▶ _WORK REQUEST_:
Among the entries that follow, locate the line with "5 Bedroom House, Oeiras" and the line with "Golding-Wines-wedding-photography-067.jpg". Output those lines and all lines in between, exactly, minus the pictures.

:: RECORDS FOR THIS TASK ::

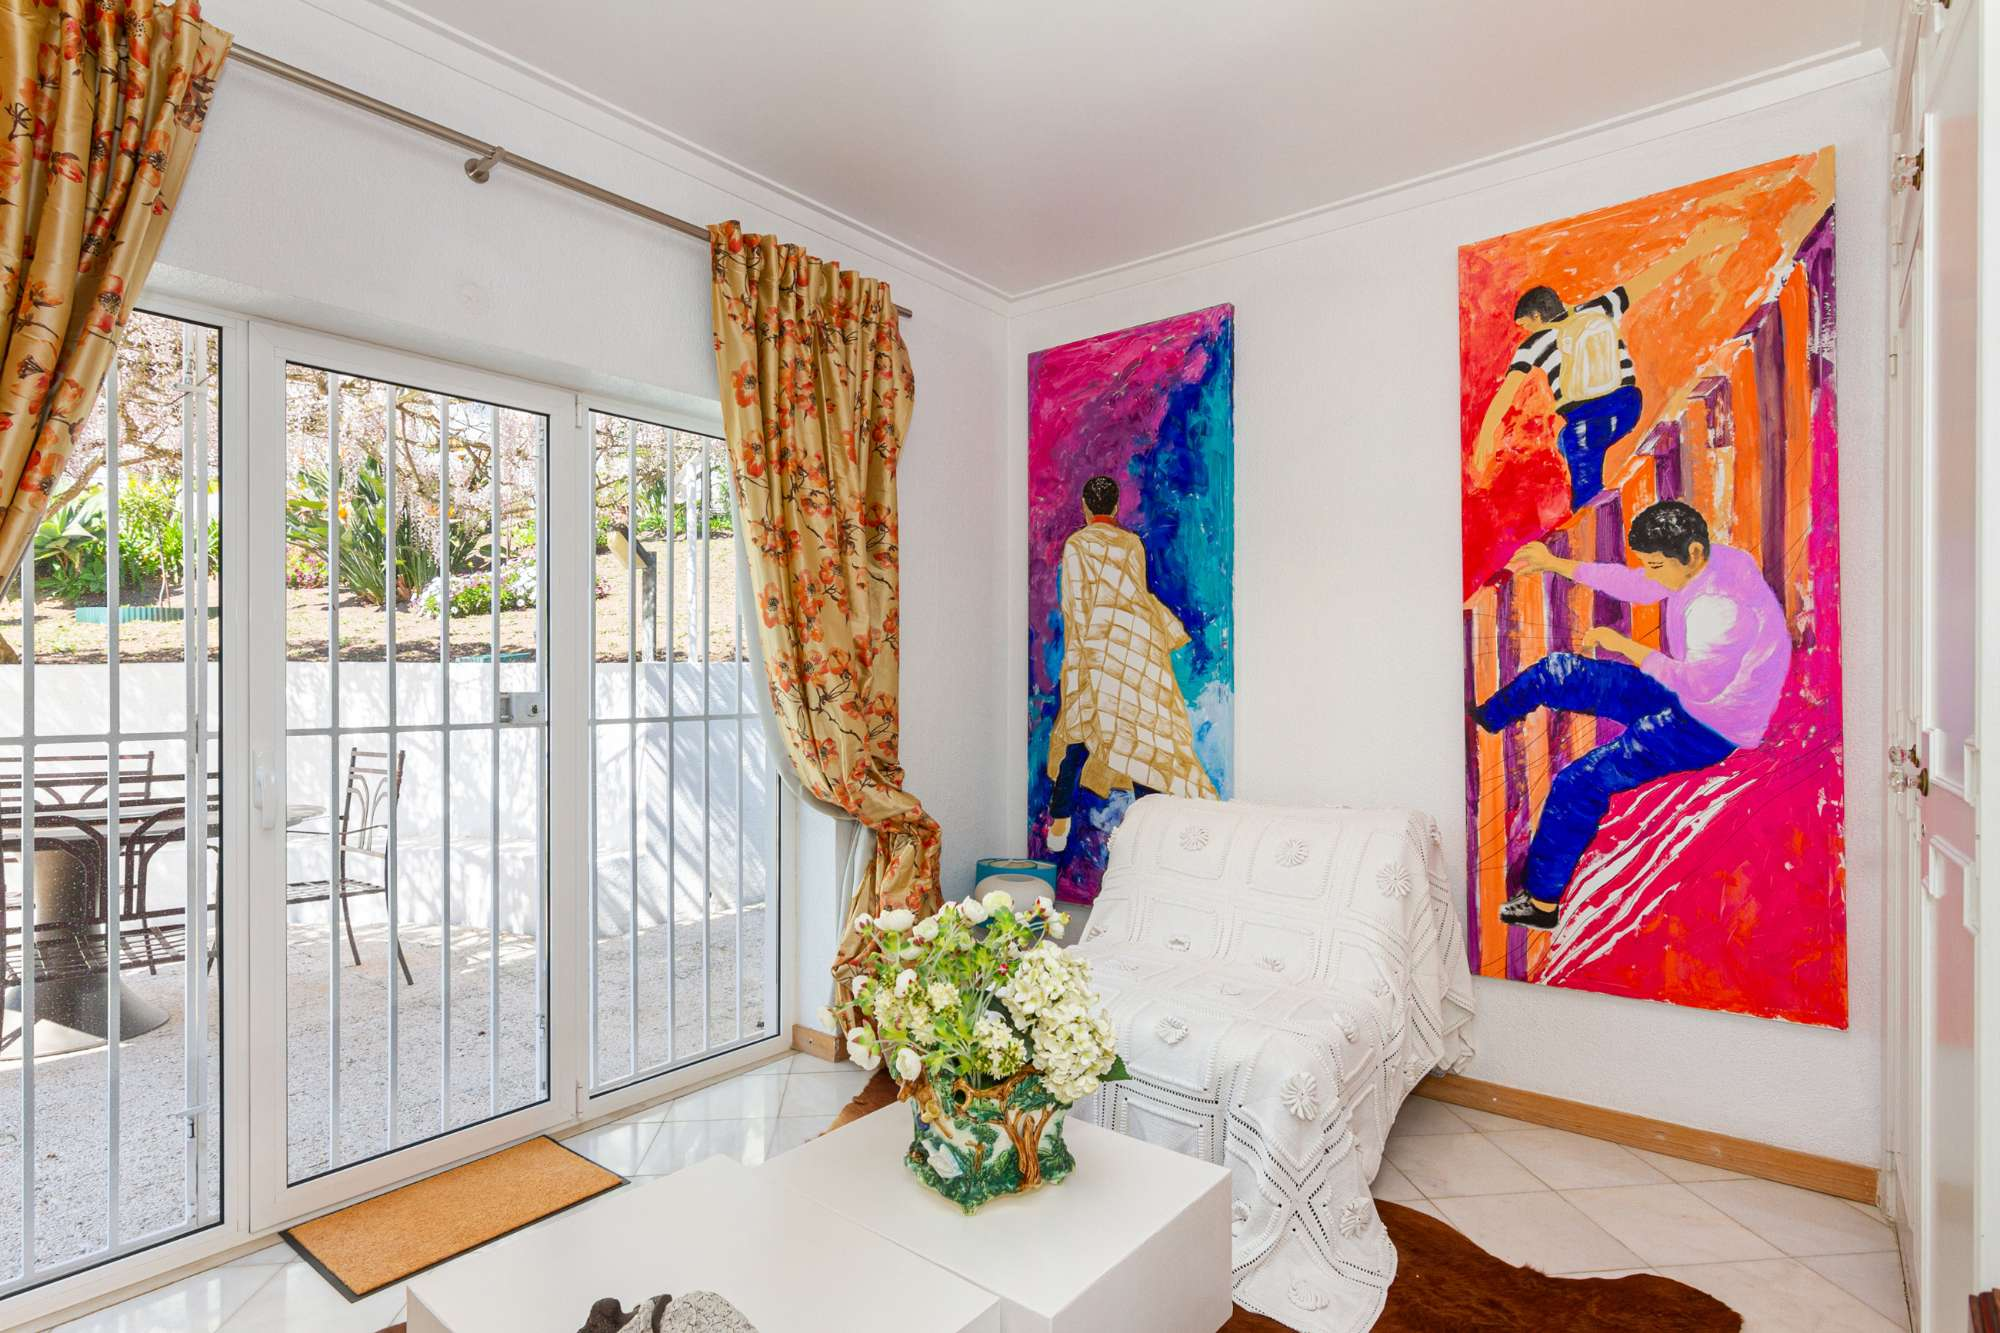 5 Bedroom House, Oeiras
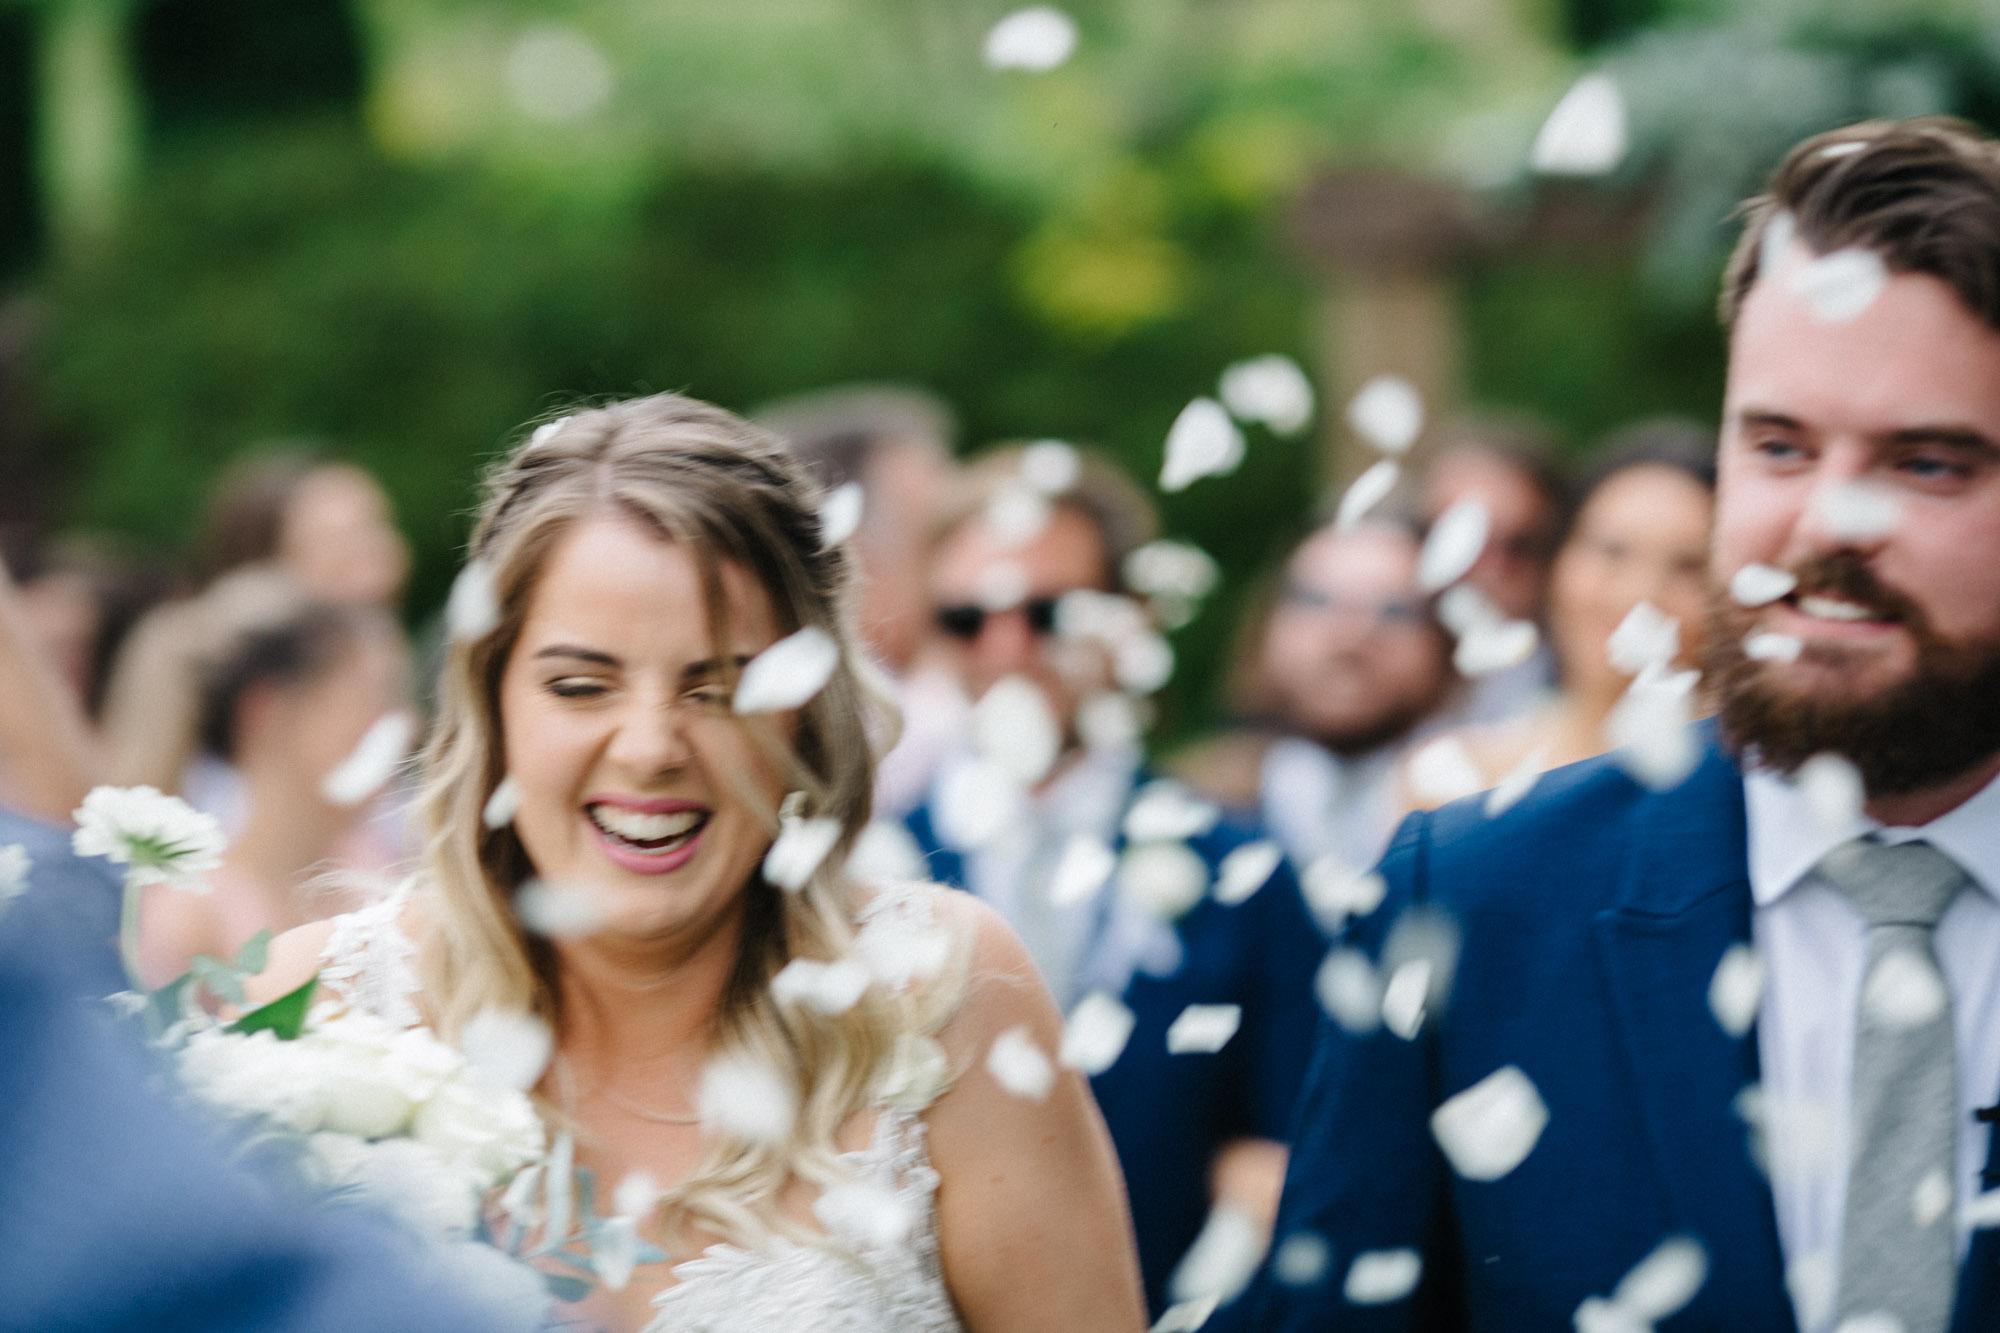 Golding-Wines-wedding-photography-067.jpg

:::
:: RECORDS FOR THIS TASK ::

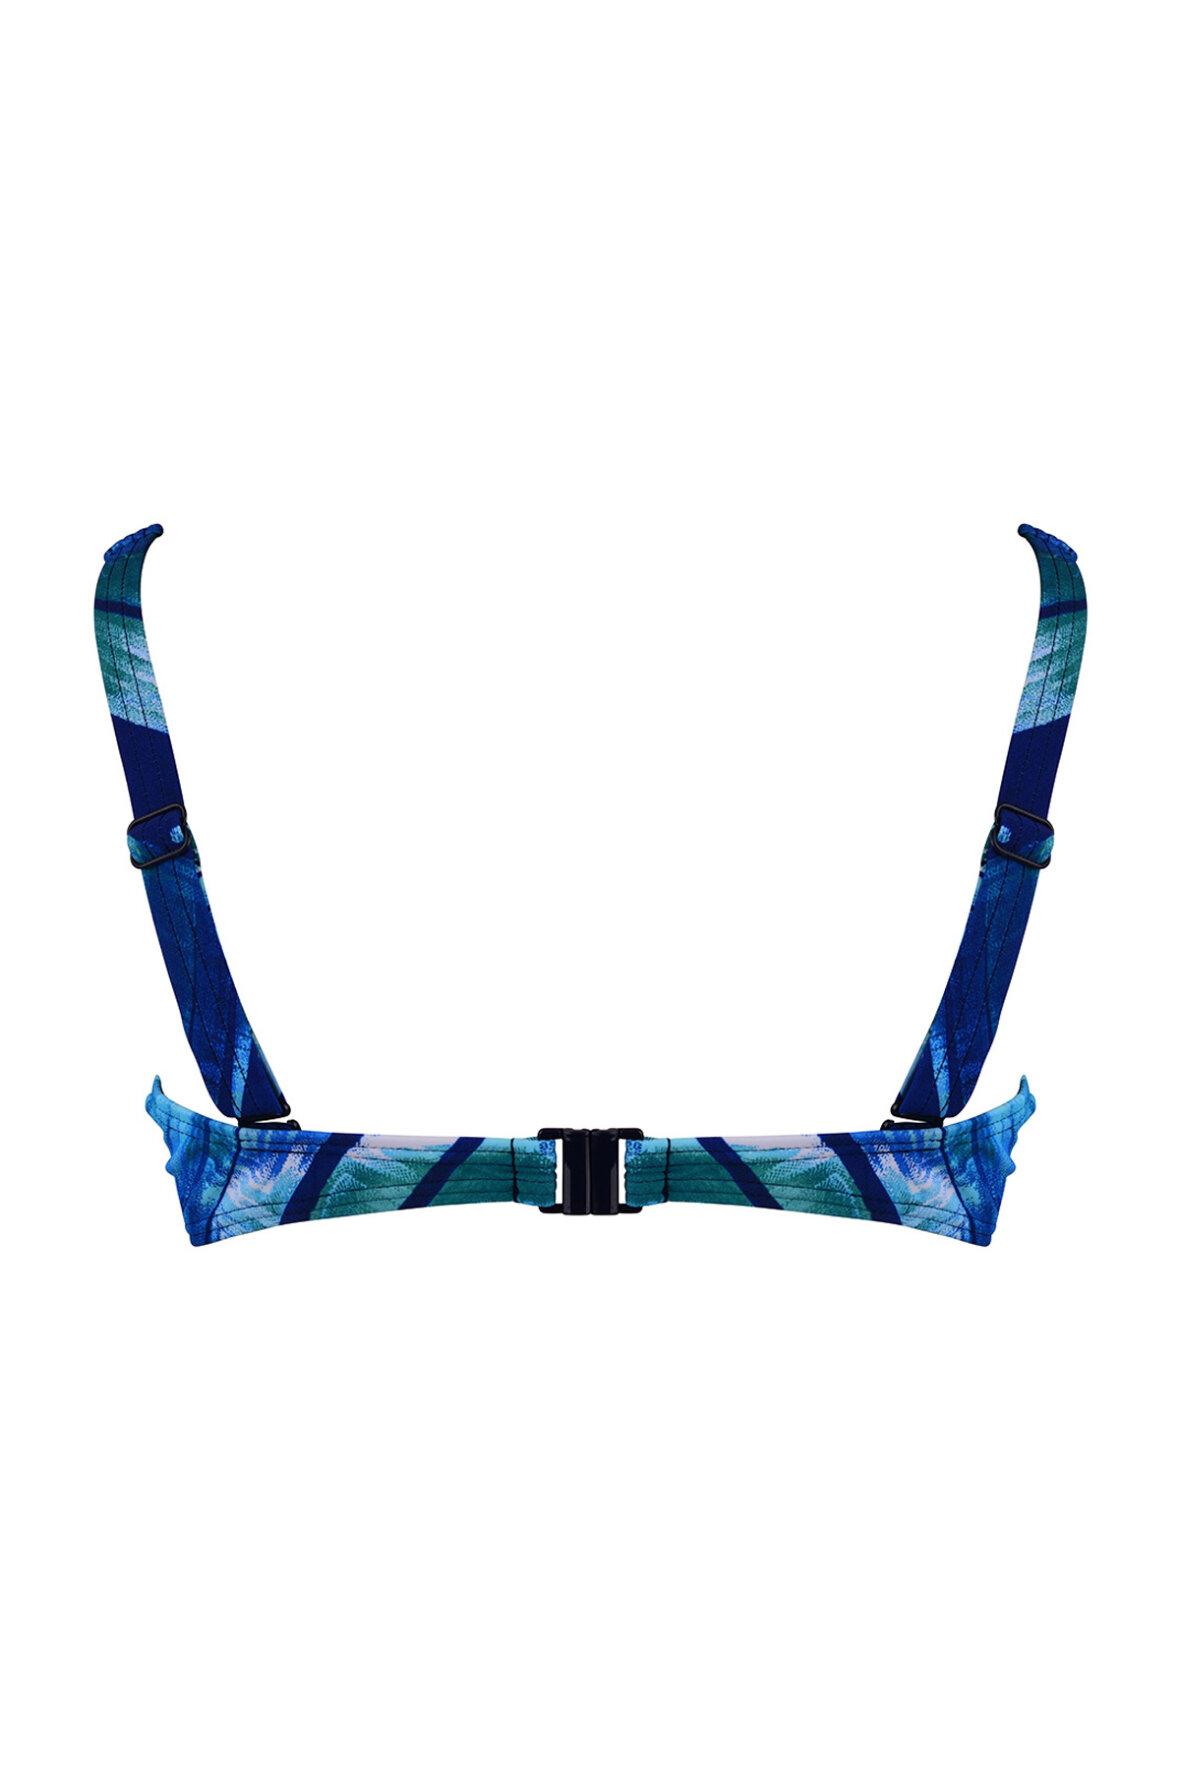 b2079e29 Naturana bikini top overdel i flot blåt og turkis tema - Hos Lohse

:::

▶ _TASK SOLUTION_:
 5 Bedroom House, Oeiras
 Golding-Wines-wedding-photography-067.jpg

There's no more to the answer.